Table 8 The effect of prophylactic medication of Lactucoside B on the results of forced swimming test in depressed mice

group Dose (μg/10g) Immobility time (s) Swimming time (s) normal control group - 119.87±6.43 171.20±9.35 model group - 186.01±4.70 ^* 96.22±7.05 ^** Lactucoside B prophylaxis group 25 126.14±10.68 ^△ 164.99±11.37 ^△△

Note: ^* P<0.05 compared with the normal control group, ^△△ P<0.01 compared with the model group

The results in Table 8 show that compared with the normal control group, the swimming immobility time of the mice in the model group was prolonged and the swimming time was shortened, P<0.05; the lettucoside B preventive drug group could shorten the swimming immobility time of the mice and prolong the swimming time of the mice. time.

The results suggest that preventive medication of Lactucoside B can prolong the swimming time and shorten the immobility time of depressed mice.
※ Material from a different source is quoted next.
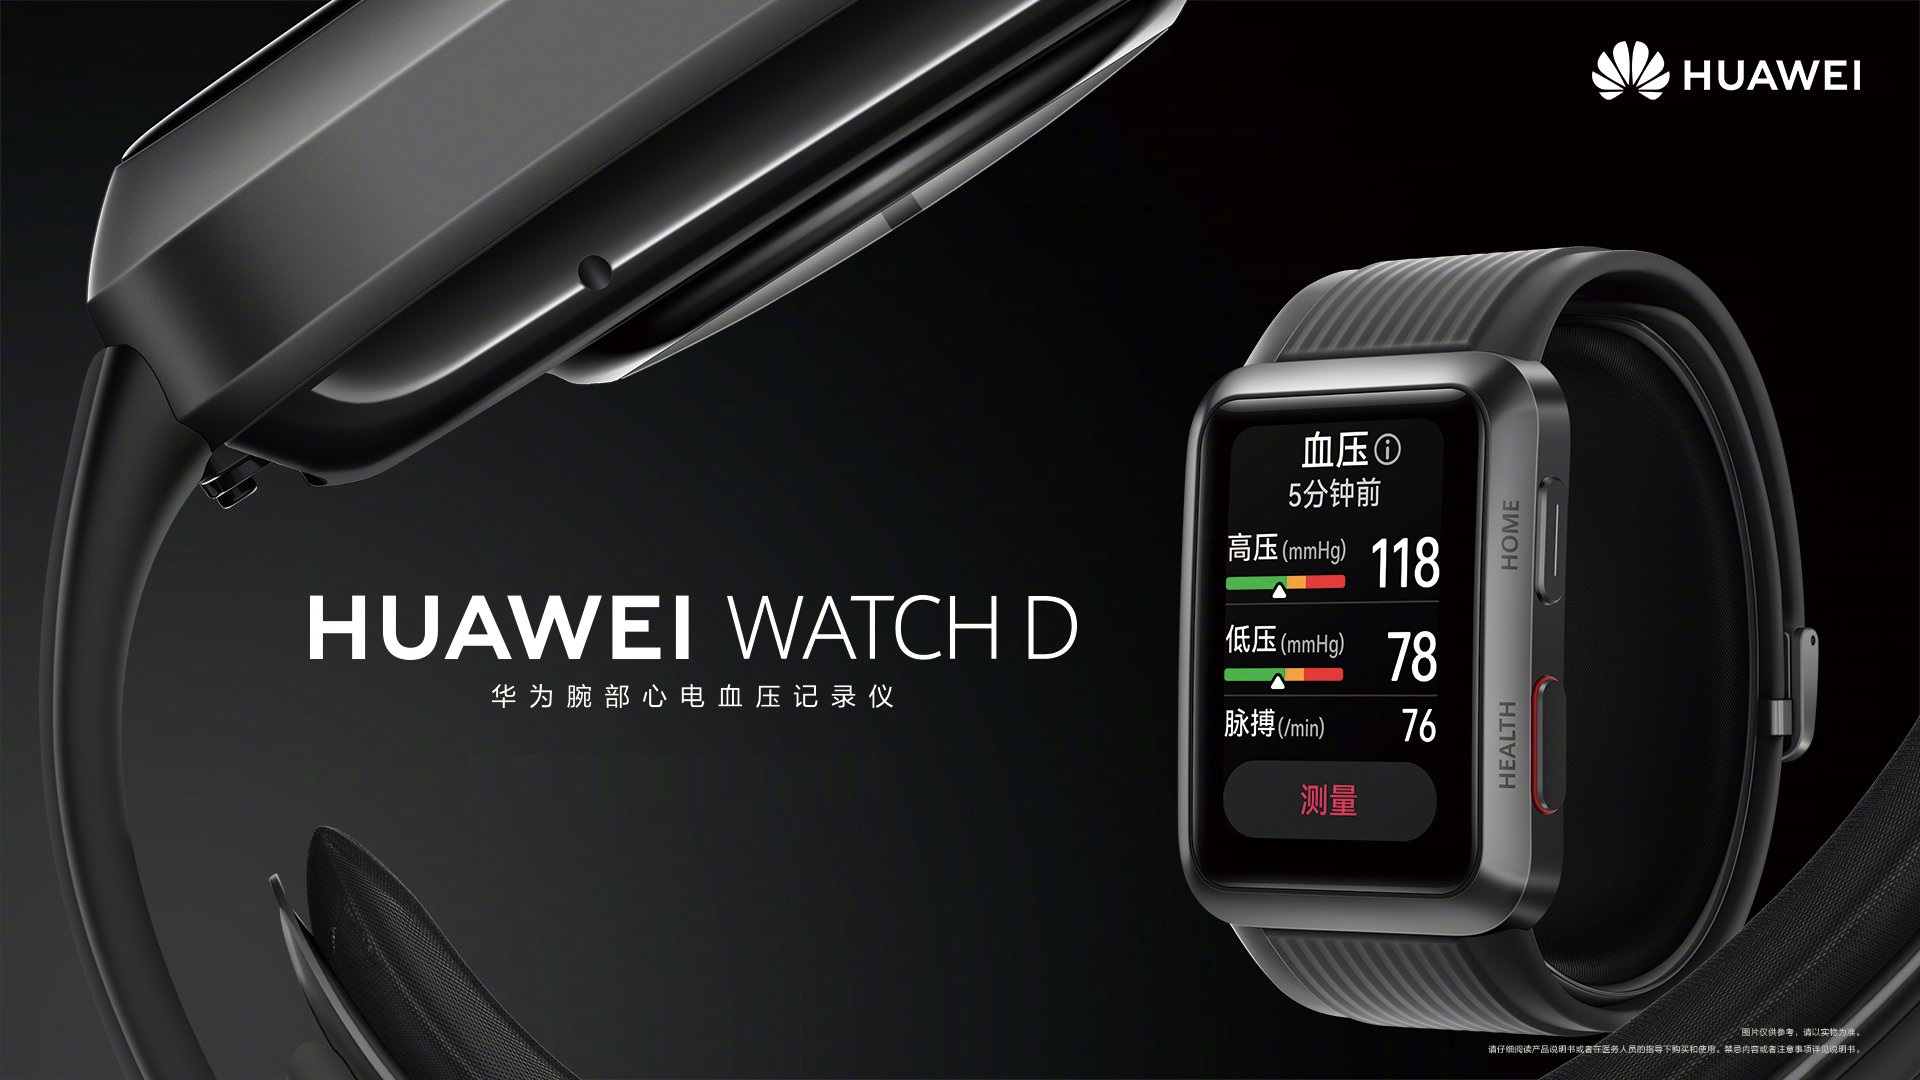 هواوي تعلن رسميا عن الساعة الذكية Huawei Watch D

Experimental summary of experimental examples 1 and 2:

According to the experimental results of Example 1, it is suggested that Lactucoside B can increase the body weight of depressed mice, increase its exercise performance, prolong its swimming time, and improve its preference for sucrose water. The above effects all show a dose-dependent relationship, and its The effect is equivalent to that of fluoxetine, an antidepressant commonly used in clinical practice, suggesting that lettucoside B has a therapeutic effect on depression;

According to the experimental results of Example 2, it is suggested that the preventive use of Lactucoside B can significantly reduce the mortality rate of depression mice, increase its body weight and exercise performance, and prolong the swimming time of animals, suggesting that Lactucoside B has a better preventive effect on depression. .

The above results and conclusions were drawn on the basis of using various mild stimuli to induce depression in mice. In view of this, Lactucoside B has obvious preventive and therapeutic effects on mental depression induced by various reasons. Depression induced by other reasons cannot be judged temporarily due to limitations of technical means, but according to the current experimental results, the effect of Lactucoside B on animal activities suggests that it also has a certain preventive effect on depression induced by other reasons .

Although, the present invention has been described in detail with general description, specific implementation and test above, but on the basis of the present invention, some modifications or improvements can be made to it, which will be obvious to those skilled in the art . Therefore, the modifications or improvements made on the basis of not departing from the spirit of the present invention all belong to the protection scope of the present invention.

Claims (6)

1. Application of Lactucoside B in the preparation of medicaments for preventing and treating depression. 2. The application according to claim 1, characterized in that, the medicine is a preparation containing Lactucoside B. 3. The application according to claim 2, characterized in that the preparation is made from raptoside B alone or from raptoside B and a pharmaceutically acceptable carrier. 4. The application according to claim 3, wherein the preparation is tablet, capsule, pill, oral liquid, granule or injection. 5. The application according to claim 3, wherein the pharmaceutically acceptable carrier refers to a conventional drug carrier in the field of pharmacy, selected from fillers, binders, disintegrants, lubricants, solubilizers , suspending agent, wetting agent, pigment, essence, solvent, surfactant or flavoring agent or one or more of them. 6. The application according to any one of claims 1-5, characterized in that the proposed clinical dosage of Lactucoside B is: 100-400 mg/d.